God has opened our hearts to adoption. Now what? It is a very overwhelming, kind of scary crossroad. We are currently praying about domestic adoption verses international adoption. We are waiting to hear from God on this. I am somewhat pulled toward international adoption, but not for the right reason. I feel that with international adoption there would be a much smaller chance of having my baby taken away from me. It sounds awful, but I'm scared to death of the mother or a family member coming back and finding loopholes in the system to take back their (my) child. What happens when our child wants to meet their birth mom? What if our child chooses to leave us to go back to their birth mom? These are my selfish fears. I know I need to trust God, and this is something that I am currently praying through. Michael, on the other hand, is more led towards domestic adoption. He feels that there are so many children right here in our state, even in our city, who need us. Why go across the world to get one? Not that there is anything wrong with that. After all, we are ALL God's children. I think both options are great, and we are awaiting a confirming word from Him.

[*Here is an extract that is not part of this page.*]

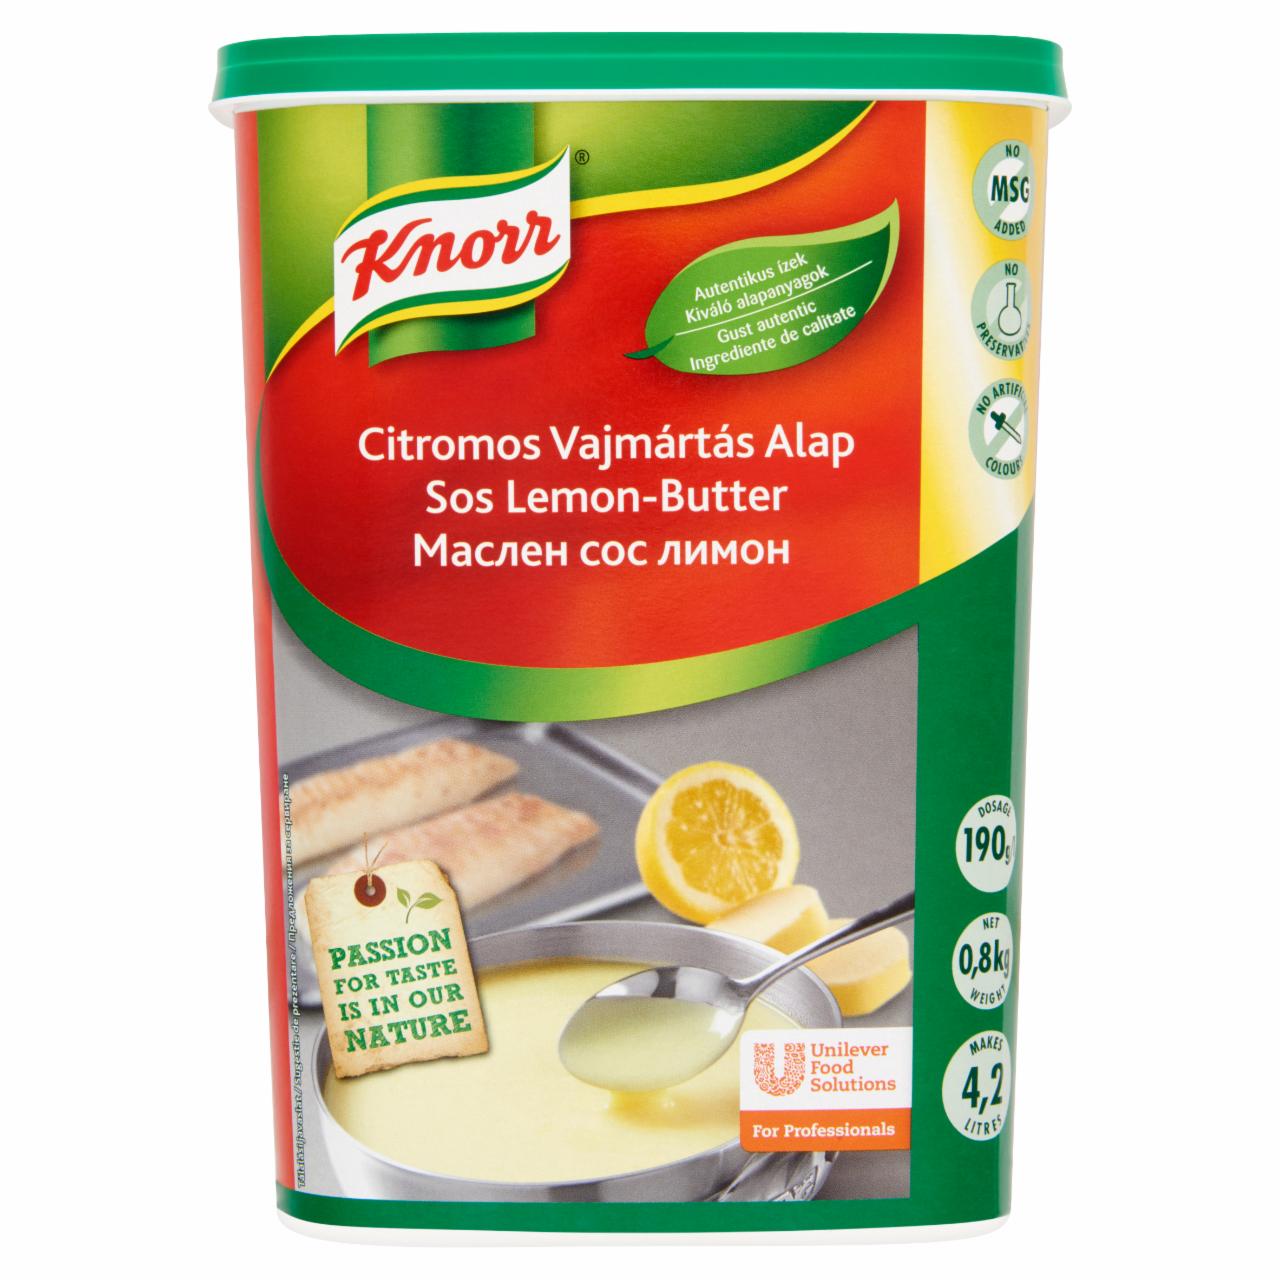 Képek - Knorr citromos vajmártás alap 0,8 kg

Please feel free to leave comments or opinions on this issue. We would love to hear your thoughts!

It is still hard at times. I still stare longingly at the baby aisles as we walk through Target. I lose myself in watching a child at the table across from us at Newks. Every now and then, a pang of jealously shoots through me when I pass by a pregnant woman at the grocery store. I long to carry a child. I long to be a mother. It is so wonderful to know that God will fulfill at least the latter of those 2 desires. Because I know and believe with all of my heart that the God who loves me and adopted me into His kingdom desires for me to love and adopt one of His precious children into my home. After all, I'm thankful He adopted me. Why not share that gift?